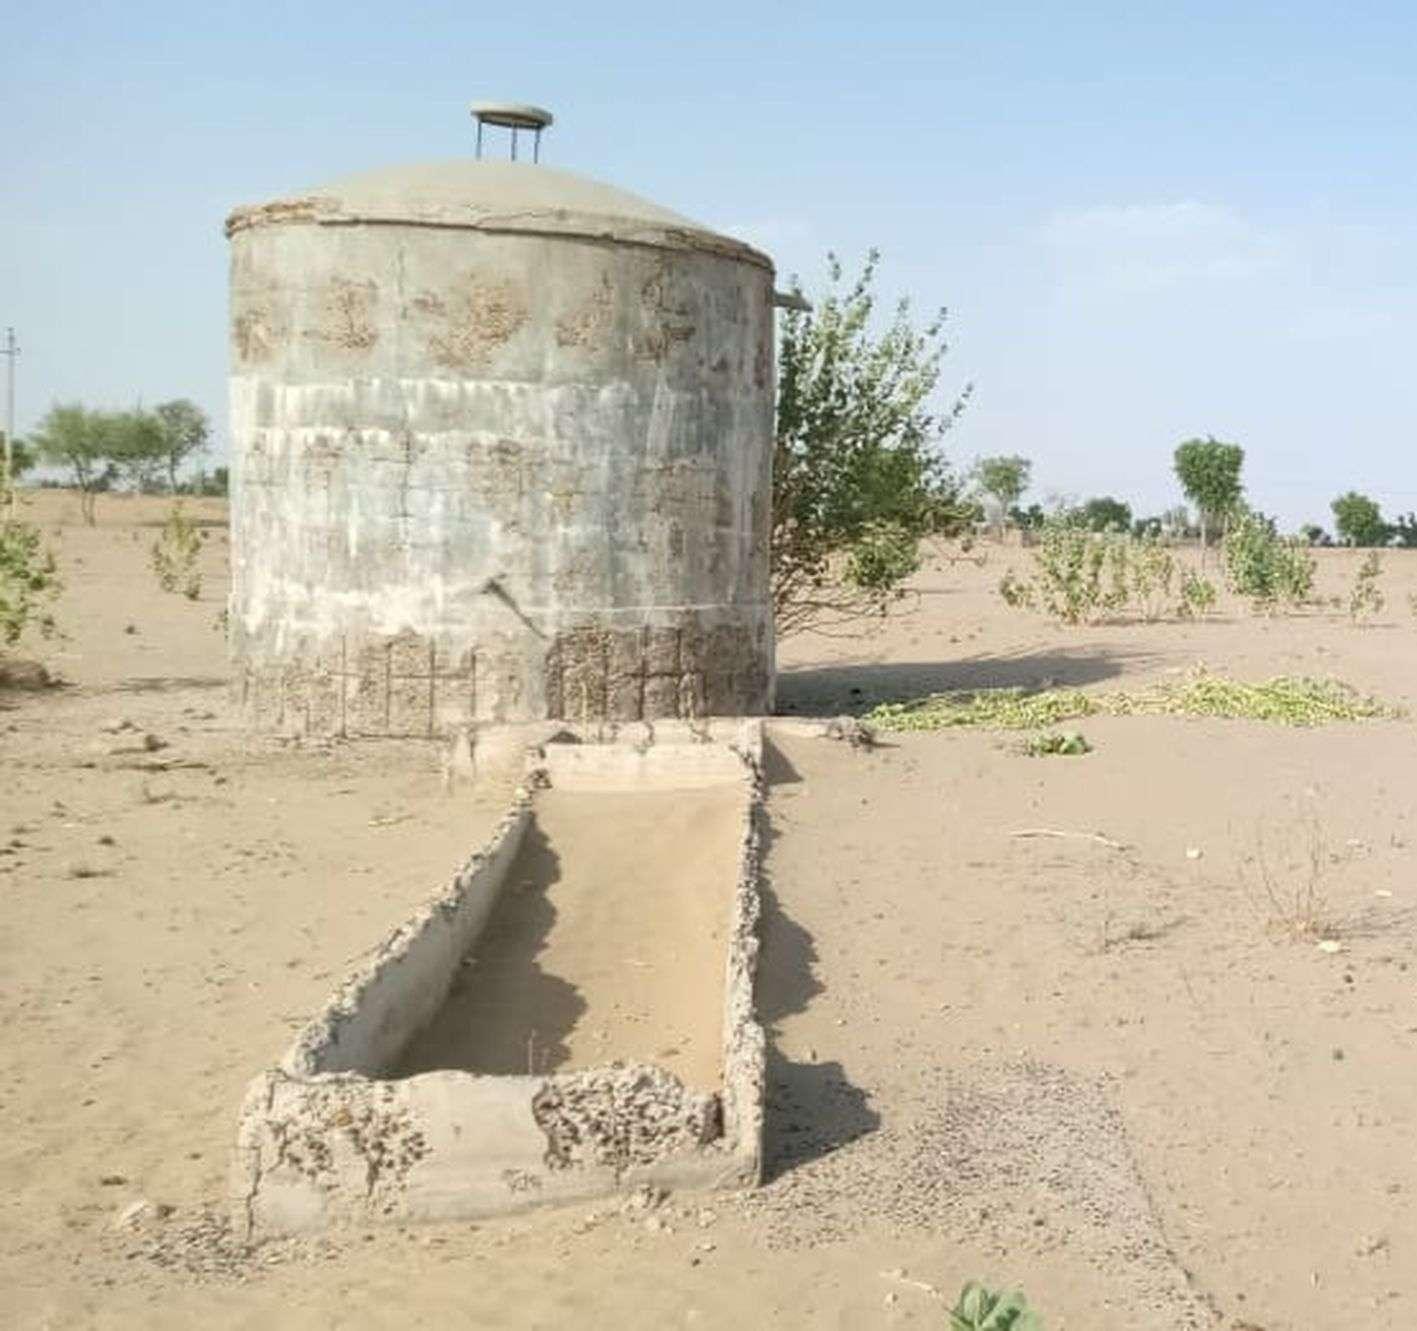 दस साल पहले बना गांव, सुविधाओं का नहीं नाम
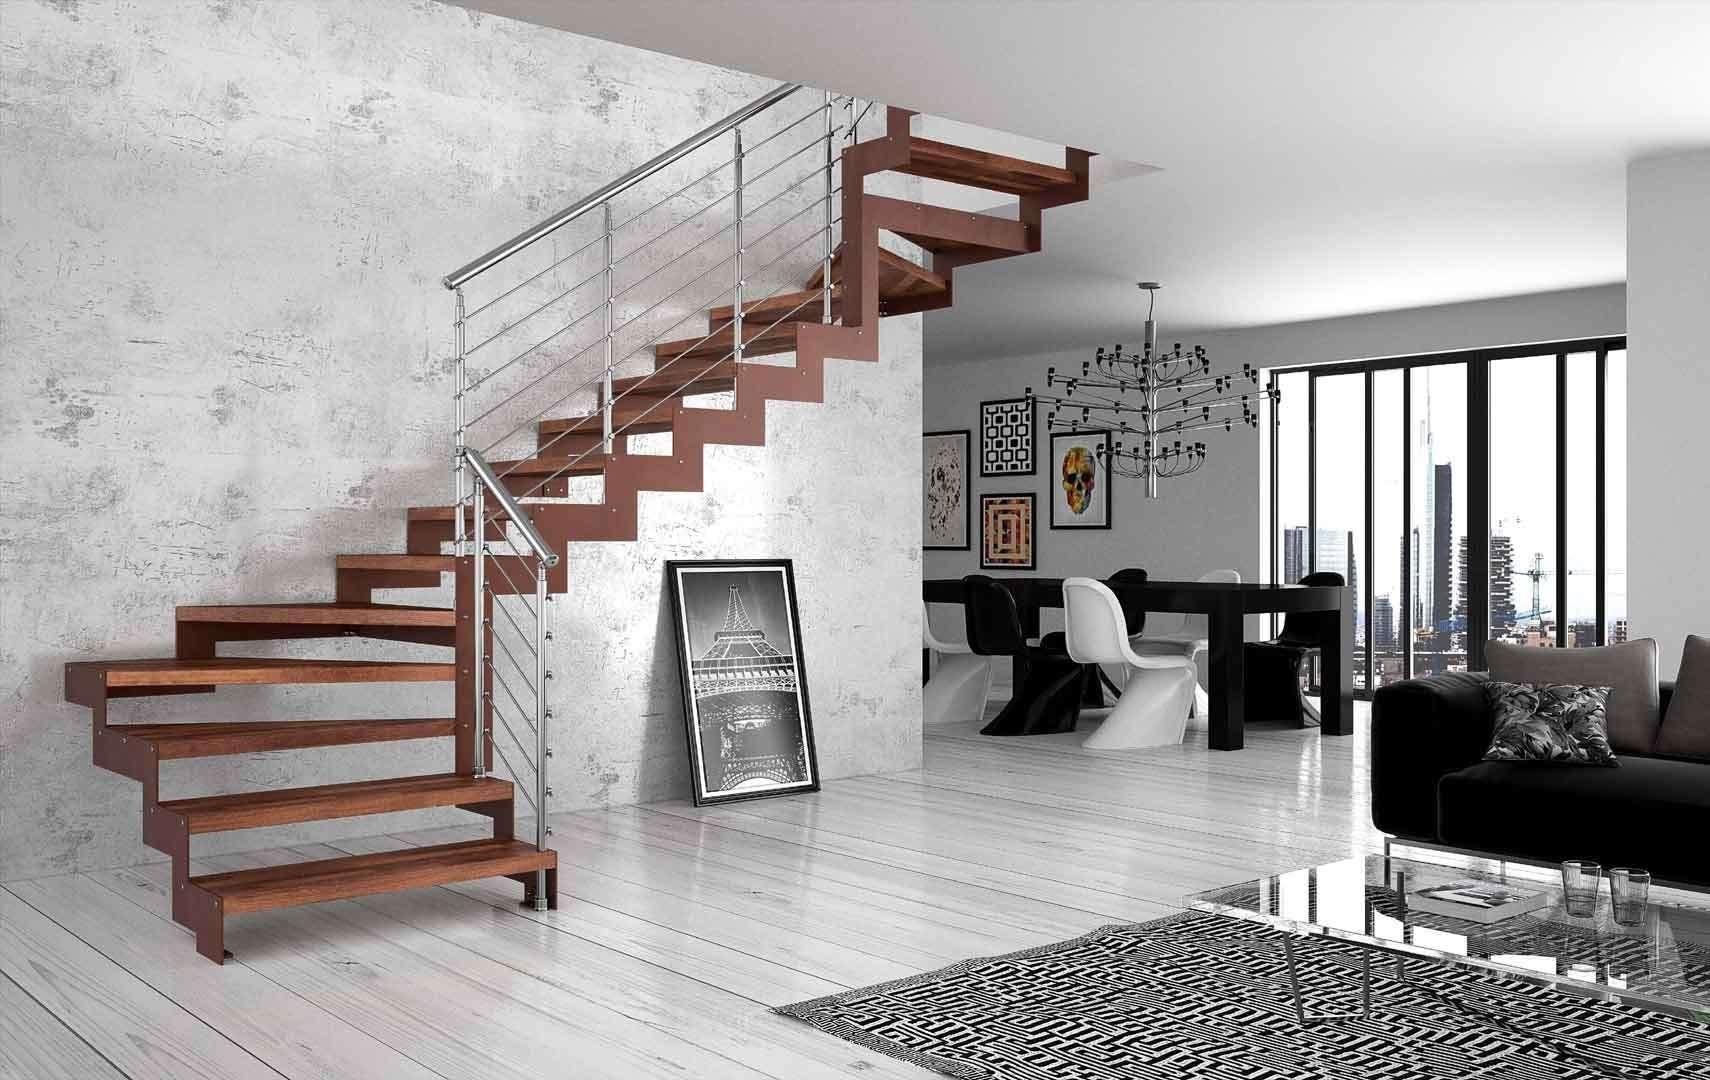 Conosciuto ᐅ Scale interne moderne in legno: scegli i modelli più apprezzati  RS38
· · · · · · ·
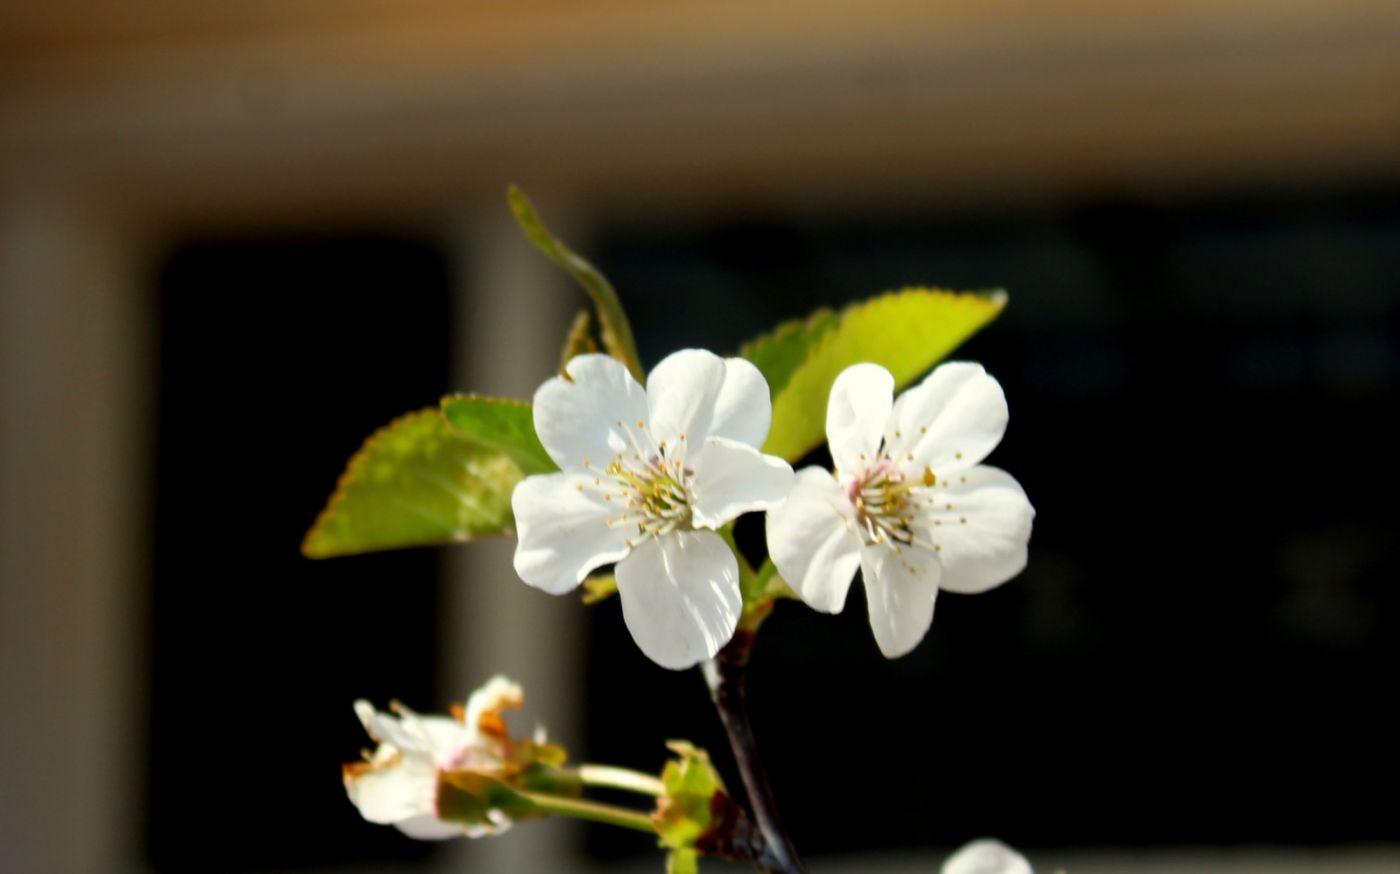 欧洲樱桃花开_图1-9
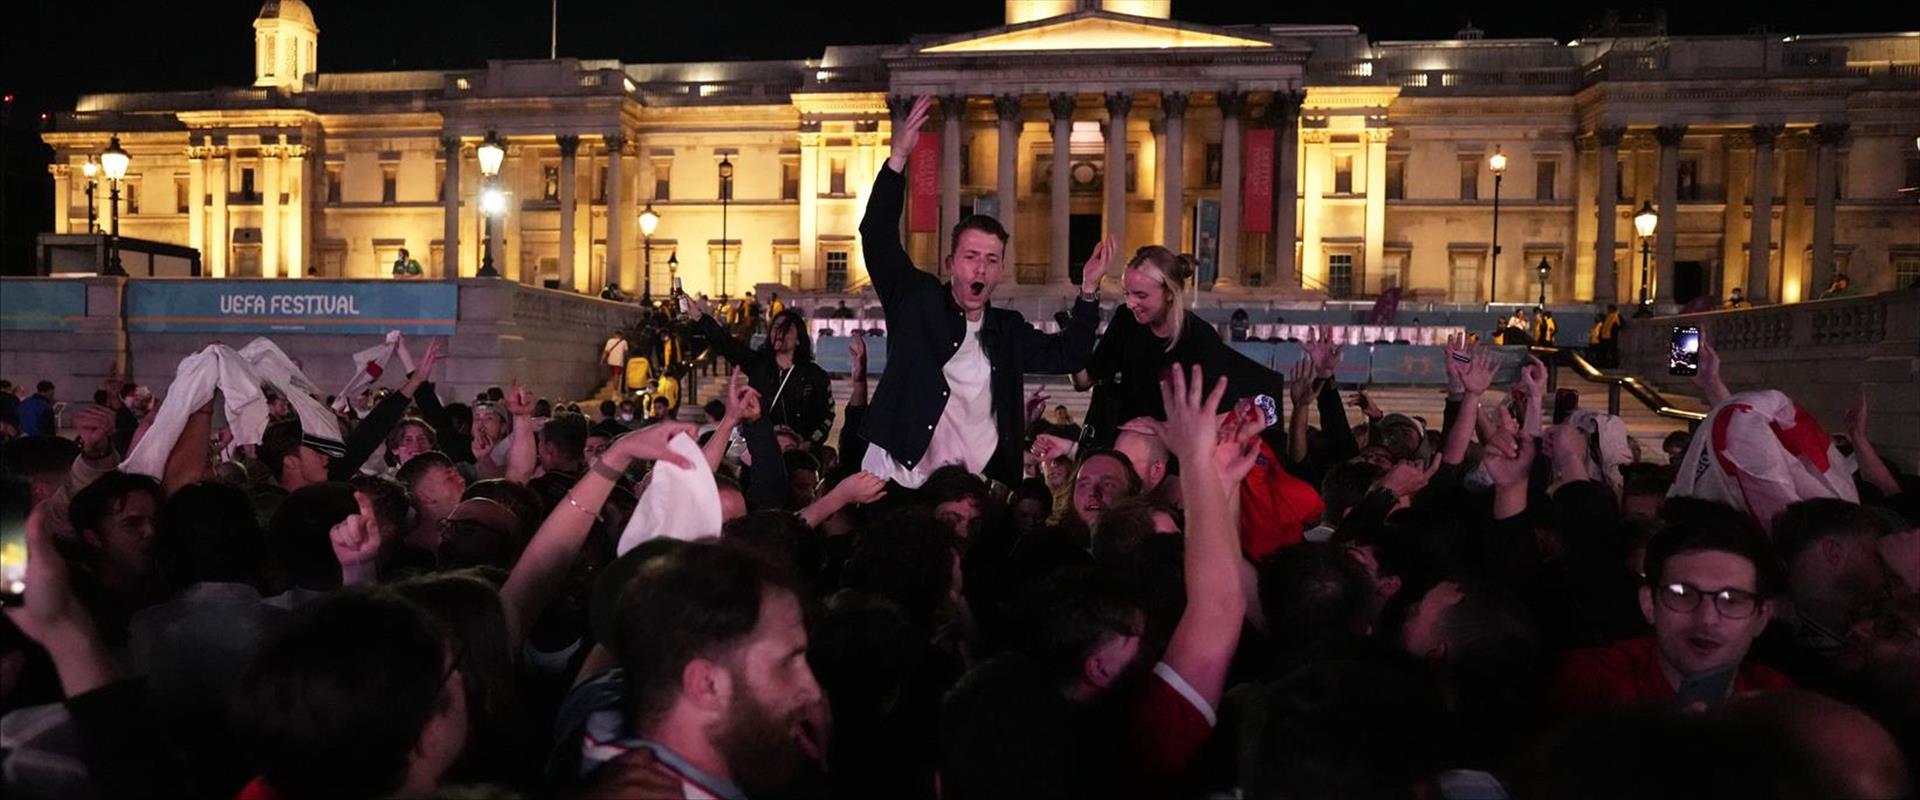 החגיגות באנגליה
· · · · · · ·
**What is needed**:
Please set down, exactly and with no pictures, the lines in the entries above starting at the one holding "दस साल पहले बना गांव, सुविधाओं का नहीं नाम" and ending at the one holding "Conosciuto ᐅ Scale", ends included.

**Your response**:
 दस साल पहले बना गांव, सुविधाओं का नहीं नाम
 Conosciuto ᐅ Scale interne moderne in legno: scegli i modelli più apprezzati  RS38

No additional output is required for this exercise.